CAMP SPRINGS - As raindrops trickled down their windowpanes yesterday, National Weather service forecasters said that drought conditions likely will persist through September in Central Maryland, and in much of the East and Gulf coast states. But summer showers should bring at least some relief.
"The East Coast drought will slowly improve as the summer unfolds," said John E. Jones Jr., deputy director of the National Weather Service. Scattered water shortages, however, are likely to crop up during normal summer dry spells.
Yesterday's showers delivered 0.37 inches of rain at Baltimore-Washington International Airport by evening. More than an inch fell in some locations, and none in others as the hit-and-miss showers and thunderstorms rolled through.
Rainfall for the month was running above normal yesterday at BWI. But the airport has seen one month - April - since September that ended with a surplus of precipitation.
From September through May, BWI recorded 59 percent of its normal precipitation, according to the weather service. For the 12 months endingJune 10, rainfall shortages across the state ranged from 2.2 inches in Garrett County, to 14 inches in Harford County.
The 12-month deficit in Baltimore is more than 12 inches.
"We're barely holding even, and in fact, we're not even doing that too well," said Jim Laver, director of the weather service's Climate Prediction Center. "Even though things have greened up quite well," he said, "it takes well-distributed rainfall over a longer term" to end a drought.
'Hydrological' problem
Central Maryland's drought is officially classified as "severe," but it is a "hydrological" drought. That means it is primarily affecting ground-water supplies and stream flows. Farmers and landscapers have generally received enough rain to keep surface soils moist and crops and shrubs healthy.
Ground-water levels, however, were hitting record lows in some Maryland streams last month for the fifth straight month. Stream gauges operated by the U.S. Geological Survey showed yesterday that water levels remained at or near record lows.
Records were set in the Little Falls and Patapsco River in Baltimore County; Deer Creek and Winters Run in Harford County; the Monocacy River at Jug Bridge in Frederick County; and Clement Creek in St. Mary's County.
The drought emergency in Central Maryland, and the mandatory restrictions in water consumption imposed in April by Gov. Parris N. Glendening, remain in force. They include Carroll, Harford, Frederick, western Howard, northern Montgomery and northern Baltimore counties.

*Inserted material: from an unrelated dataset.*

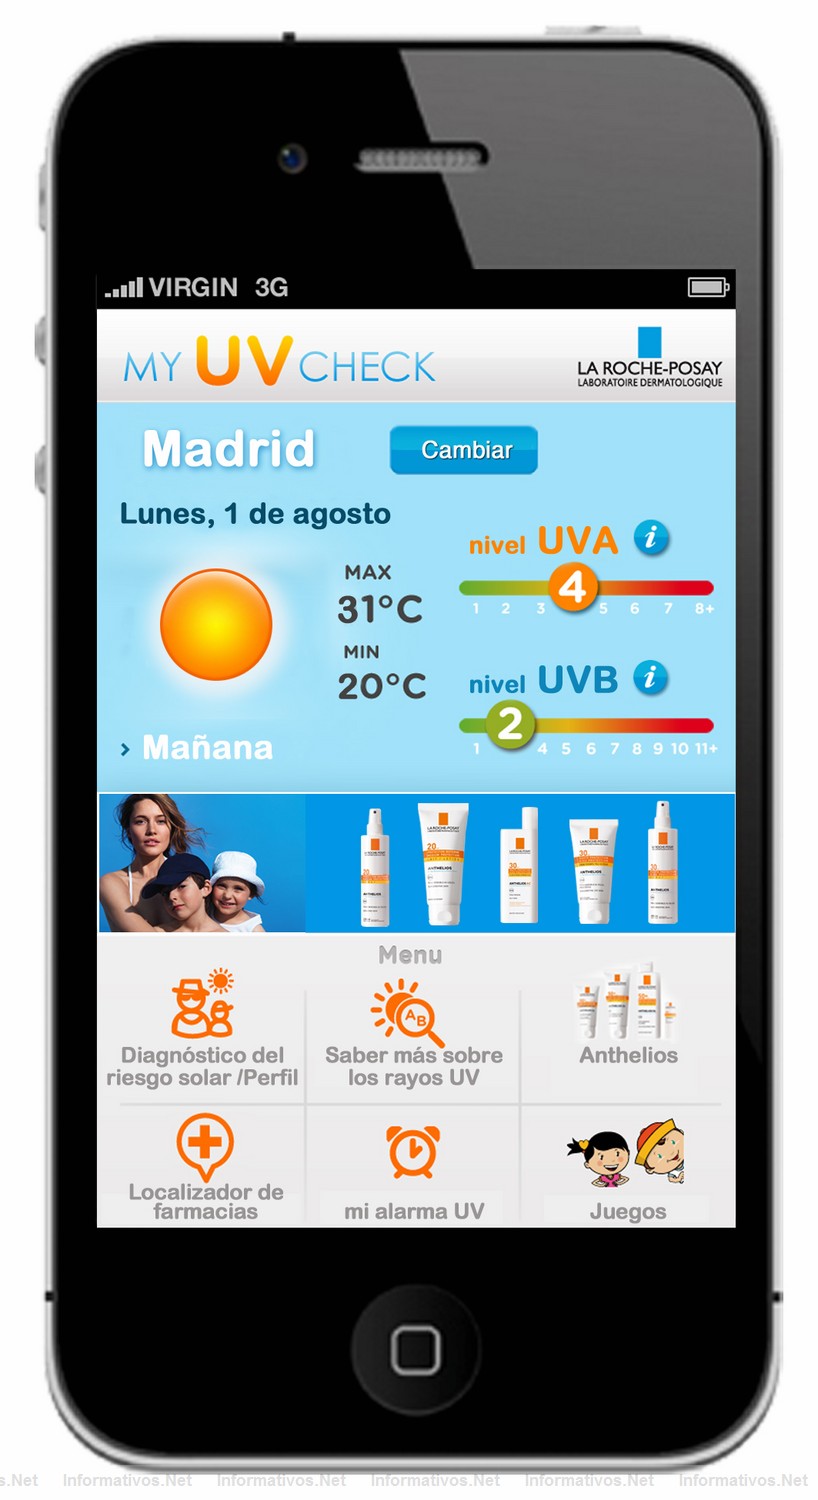 La Roche-Posay lanza una app de iPhone y web para informar sobre los efectos del sol en la piel

Drought warnings and voluntary watering bans remain in place in Southern Maryland and in the suburbs of Baltimore and Washington served by city water supplies.
Nationwide drought
The drought conditions that persist in Maryland east of Allegany County are part of a much larger pattern. Conditions ranging from abnormally dry to extreme drought persist from Maine to Florida, and westward along the Gulf Coast to southern Texas.

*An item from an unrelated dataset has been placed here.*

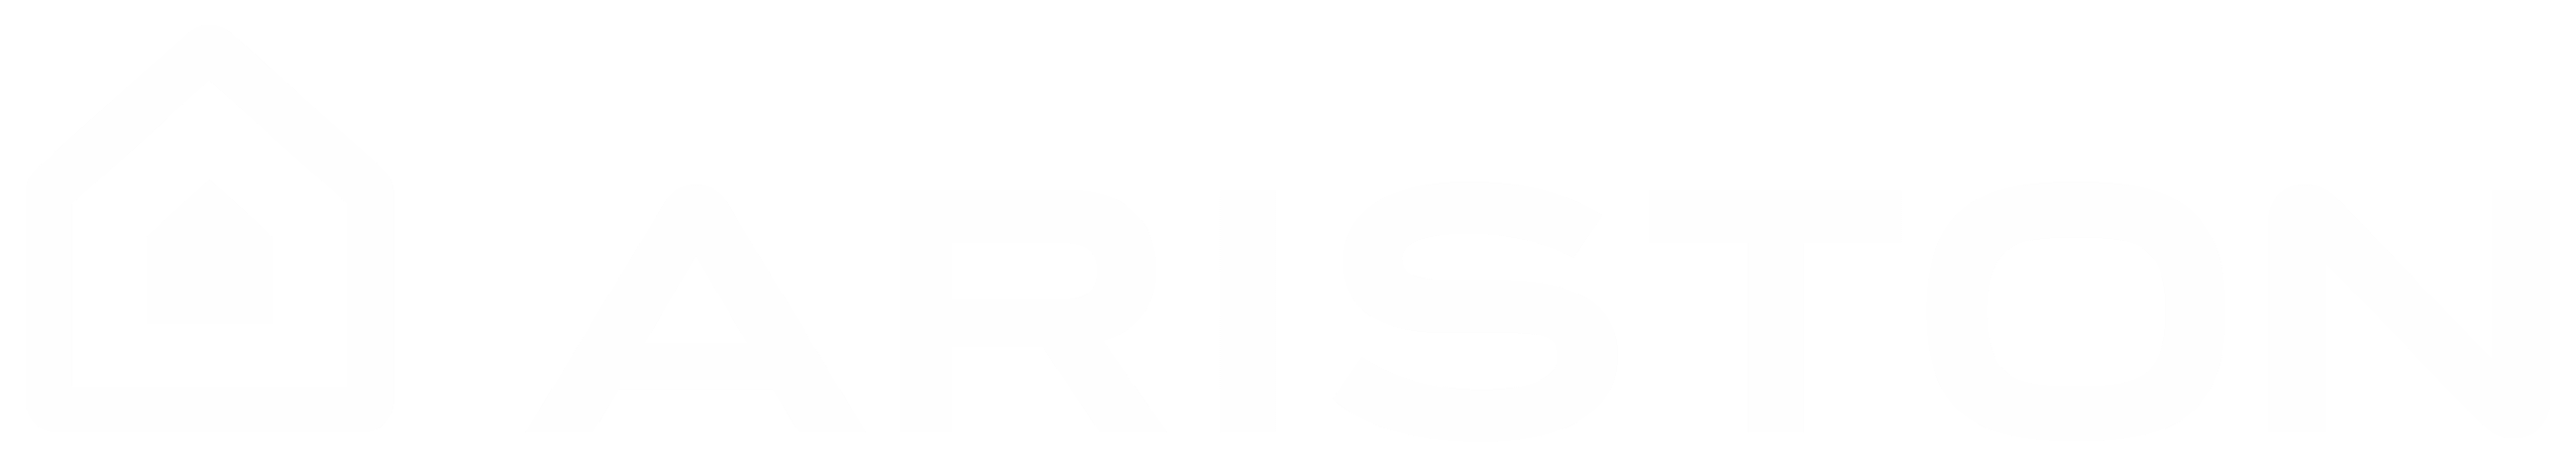 Ariston logo white

The driest conditions in the East, threatening agriculture and water supplies as well as raising the fire danger, are in central Georgia, the Carolinas and southern Virginia.
In the West, drought conditions dominate from the High Plains to Southern California, and from the Canadian border to Mexico. The driest conditions are in the Four Corners region of Colorado, Arizona, Utah and New Mexico.
"It's normal to have drought in the United States," Laver said. But "the area covered by drought this year is rather exceptional - nearly 50 percent."
Waiting for El NiM-qo
The dry conditions, especially in the West, have built up over a number of years, he said. There may be no relief until the El NiM-qo phenomenon that is beginning to warm water temperatures in the eastern tropical Pacific Ocean begin to influence global weather patterns.
Abnormally cool water in that region of the Pacific - a phenomenon known as La Nina - has contributed to several years of dry conditions in middle latitudes worldwide, including the devastating drought in Afghanistan, Laver said.
"Until you have an El NiM-qo to bring moisture back to the mid-latitudes, including the United States," he said, "your chances for [drought] relief tend to be reduced."